The creation of this marketplace is a natural outgrowth of the process as when one agrees to a specific payment stream for the future, their circumstances may change requiring a need for a lump sum. For example, a 20 year old that agreed to a monthly payment stream may decide 10 years into receiving that stream that he or she would prefer to liquidate some or all of the annuity in order to acquire the funds needed to buy a house.


Buy a house

How is the Assignment Accomplished if an Individual is EXPAT No Longer Living in the United States?

In order to protect the consumer and ensure that the liquidation of deferred income was set up fairly, the U.S. Congress enacted a law that provided that these structured settlement payments could be liquidated if the individual states passed laws that governed the process and ensured that the liquidation was in the best interest of the payee.

This law impacts not just current people living in the United States by also a person living in a foreign country. These laws detail disclosure periods, what a judge must find prior to authorization the sale of some or all of the annuity and who must get notice of the proposed transaction.

Generally speaking, the law of the state where a person resides governs.
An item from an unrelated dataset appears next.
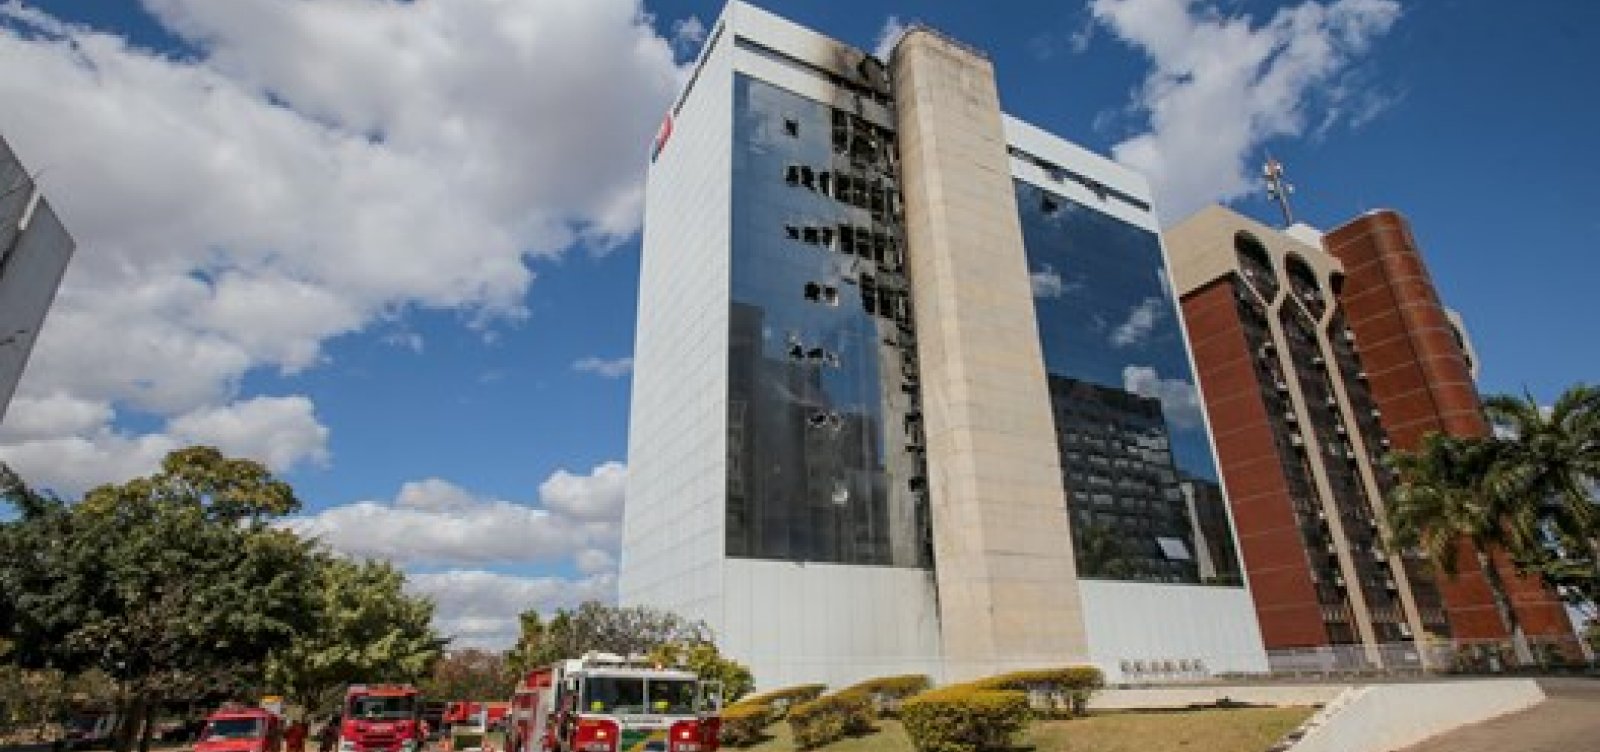 OAB adota medidas emergenciais depois de incêndio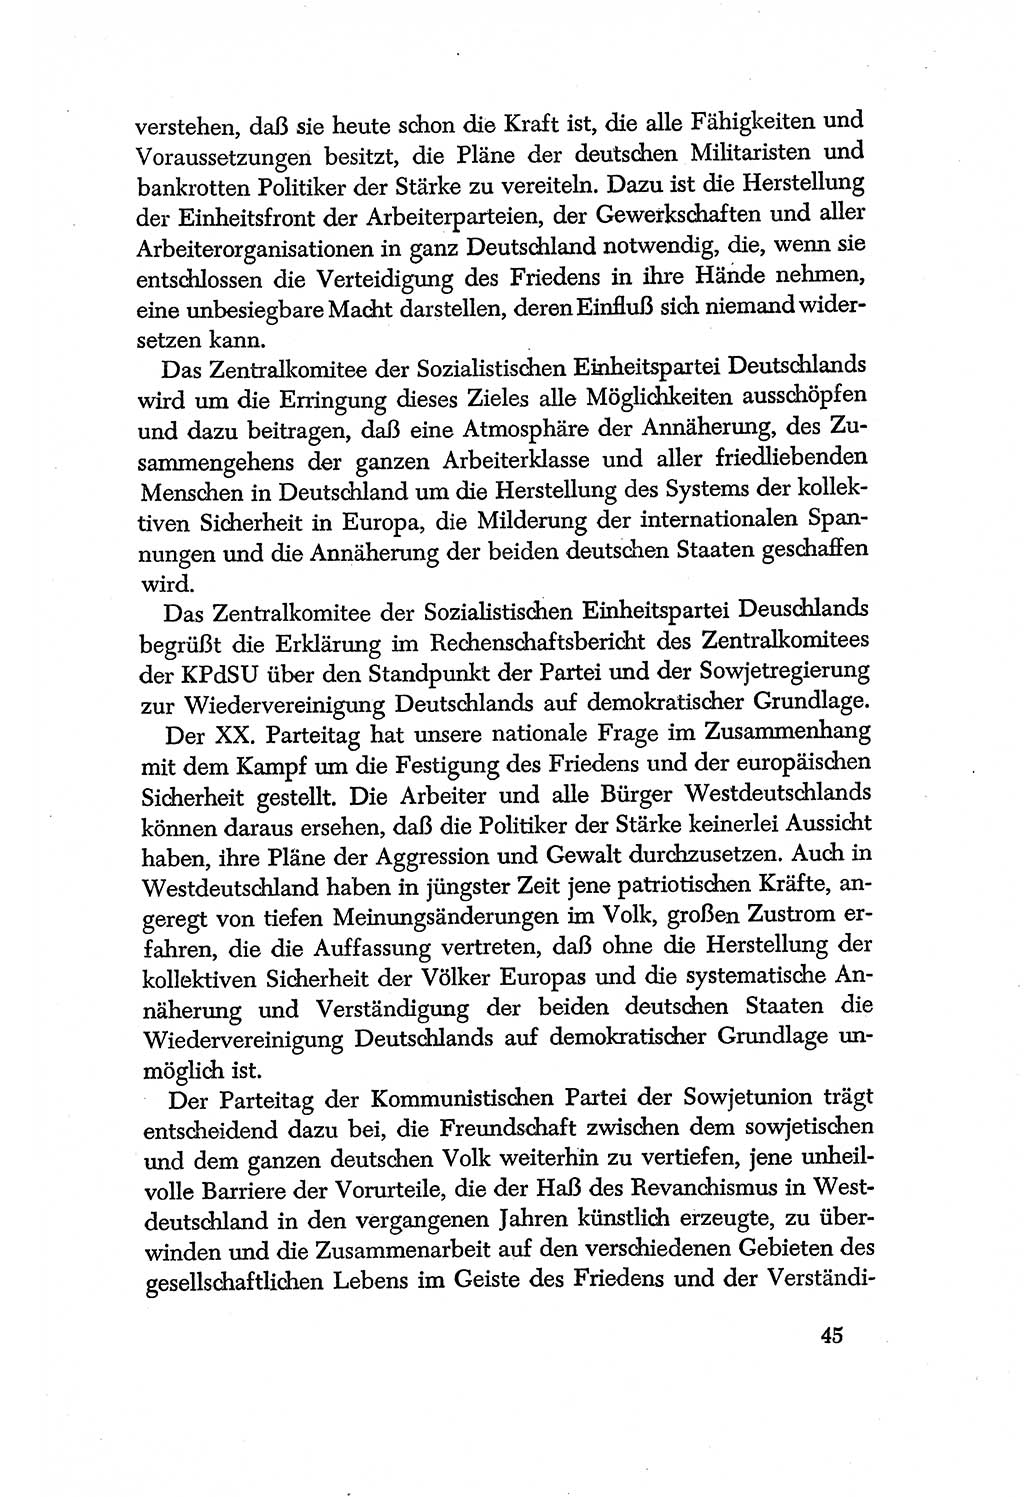 Dokumente der Sozialistischen Einheitspartei Deutschlands (SED) [Deutsche Demokratische Republik (DDR)] 1956-1957, Seite 45 (Dok. SED DDR 1956-1957, S. 45)

If a recipient of a deferred financial product is no longer living in the United States it is not entirely clear what law governs, but a solid argument could be made that it should be the law where the annuity issuer is domiciled.

By way of example, if a person is receiving an annuity from Metropolitan Life Insurance Company and is living abroad, it may be appropriate that the transaction be documented under the laws of the State of New York and filed in New York as the Metropolitan Life Insurance Company is domiciled there.


Central Park New York

Who are these Financial Products being Re-Assigned To?
While the payee of the annuity contracts with a factoring company it is rarely the factoring company that “buys” or gets the “assignment” of the income stream. Instead, these factoring companies merely act as brokers and after they agree purchase an income stream they find a willing assignee of the stream and the factoring company agrees to receive a lump sum.

In other words, the factoring company accepts a lump sum greater than the amount they agreed to pay the Payee and that difference represents the factoring company's profit.

In the past, most of the buyers/assignees of these re-assigned structured settlement payments were large international institutions including banks like Deutsche Bank, DZ Bank, etc.

Nowadays many of these payments are still assigned to large institutions, but a market has arisen whereby private individuals in the United States and abroad have contracted to purchase payments in the secondary market. Regardless of the location or type of “buyer” or “assignee” of the deferred income, the laws of the United States and the state where the Payee or annuity issuer is domiciled controls the process.